Thinking Through Signs: PEEL as a Semiotic Scaffolding for Epistemically Accountable AI-Enabled Research
Thinking Through Signs: PEEL as a Semiotic Scaffolding for Epistemically Accountable AI-Enabled Research
通过符号进行思考:PEEL——作为认知负责任的 AI 辅助研究的符号学框架
Computer Science > Artificial Intelligence arXiv:2606.04152 (cs) [Submitted on 2 Jun 2026] 计算机科学 > 人工智能 arXiv:2606.04152 (cs) [2026年6月2日提交]
Title: Thinking Through Signs: PEEL as a Semiotic Scaffolding for Epistemically Accountable AI-Enabled Research 标题: 通过符号进行思考:PEEL——作为认知负责任的 AI 辅助研究的符号学框架
Authors: Clarisse de Souza, Gabriel Barbosa, Simone Diniz Junqueira Barbosa, Bárbara Betts, Renato Cerqueira, Juliana Jansen Ferreira 作者: Clarisse de Souza, Gabriel Barbosa, Simone Diniz Junqueira Barbosa, Bárbara Betts, Renato Cerqueira, Juliana Jansen Ferreira
Abstract: Large language models are reshaping research practice while quietly eroding researchers’ epistemic accountability. This commentary introduces PEEL - Protocols for Epistemically Engaged Literacy in AI, a working scaffolding that combines deterministic distant reading via Voyant Tools with LLM interpretation via Claude, grounded in Peircean semiotics and abductive reasoning. 摘要: 大型语言模型正在重塑研究实践,同时也悄然侵蚀着研究人员的认知责任。本文介绍了一种名为 PEEL(AI 认知参与素养协议)的工作框架,它结合了通过 Voyant Tools 进行的确定性远读(distant reading)与通过 Claude 进行的 LLM 解读,并以皮尔士符号学(Peircean semiotics)和溯因推理(abductive reasoning)为基础。

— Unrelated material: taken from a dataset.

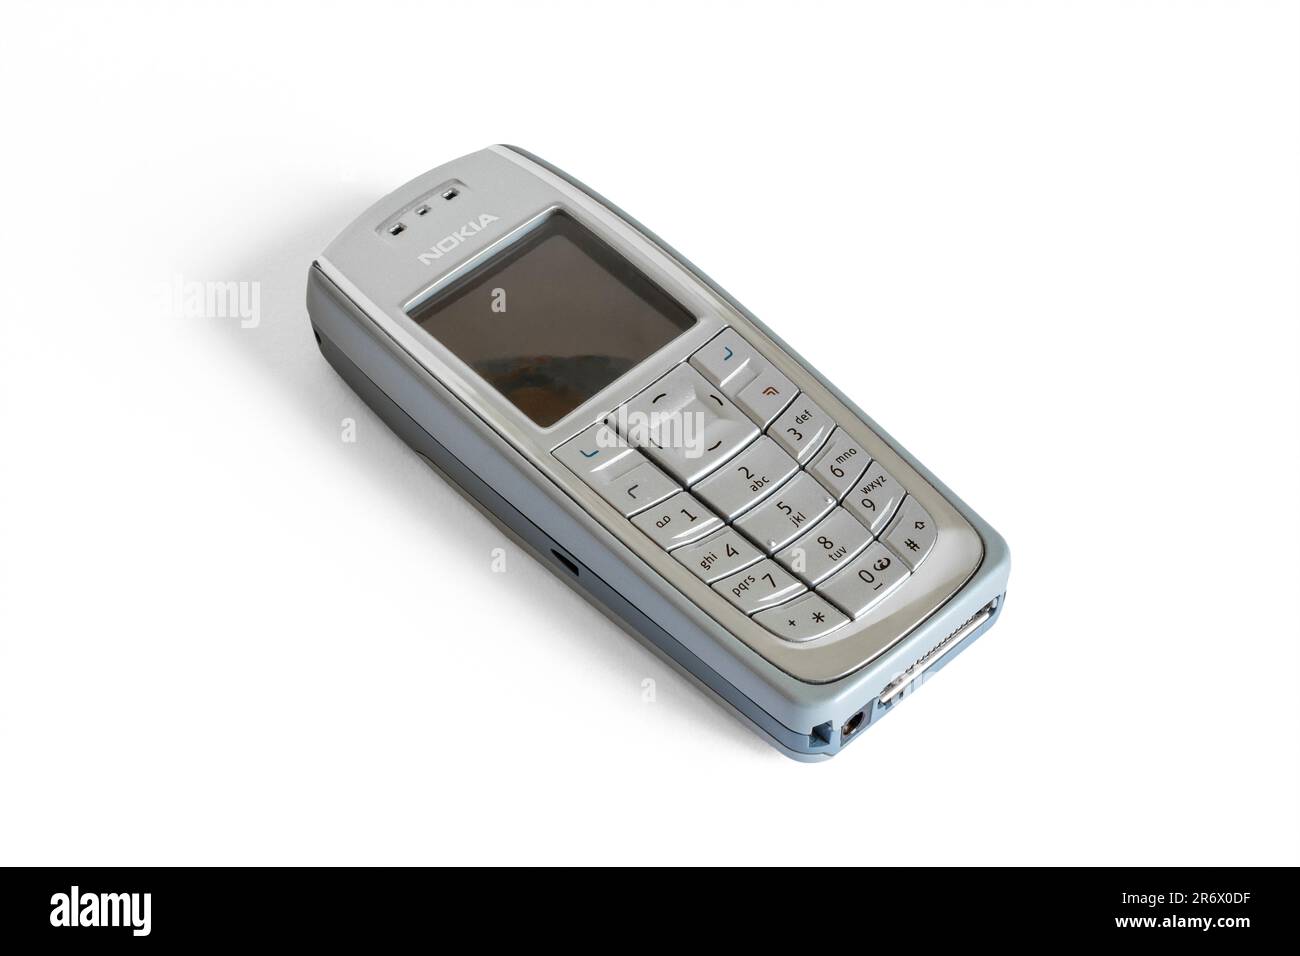 Nokia 3120 RH-19 telefono cellulare da 2004, isolato su uno sfondo bianco, Regno Unito Foto Stock

Applied to AI-generated condensations of three source texts, PEEL reveals systematic distortions in quantity, term frequency, and epistemic voice that are invisible without non-AI measurement — and yields three design implications: deterministic instruments must accompany AI tools; fluency is not fidelity; epistemic authority must be designed in, not assumed. 通过对三个源文本的 AI 生成摘要进行应用,PEEL 揭示了在没有非 AI 测量的情况下无法察觉的系统性偏差,这些偏差存在于数量、术语频率和认知语态中。研究得出了三项设计启示:确定性工具必须与 AI 工具配套使用;流畅度不等于忠实度;认知权威必须通过设计来实现,而非理所当然地假设。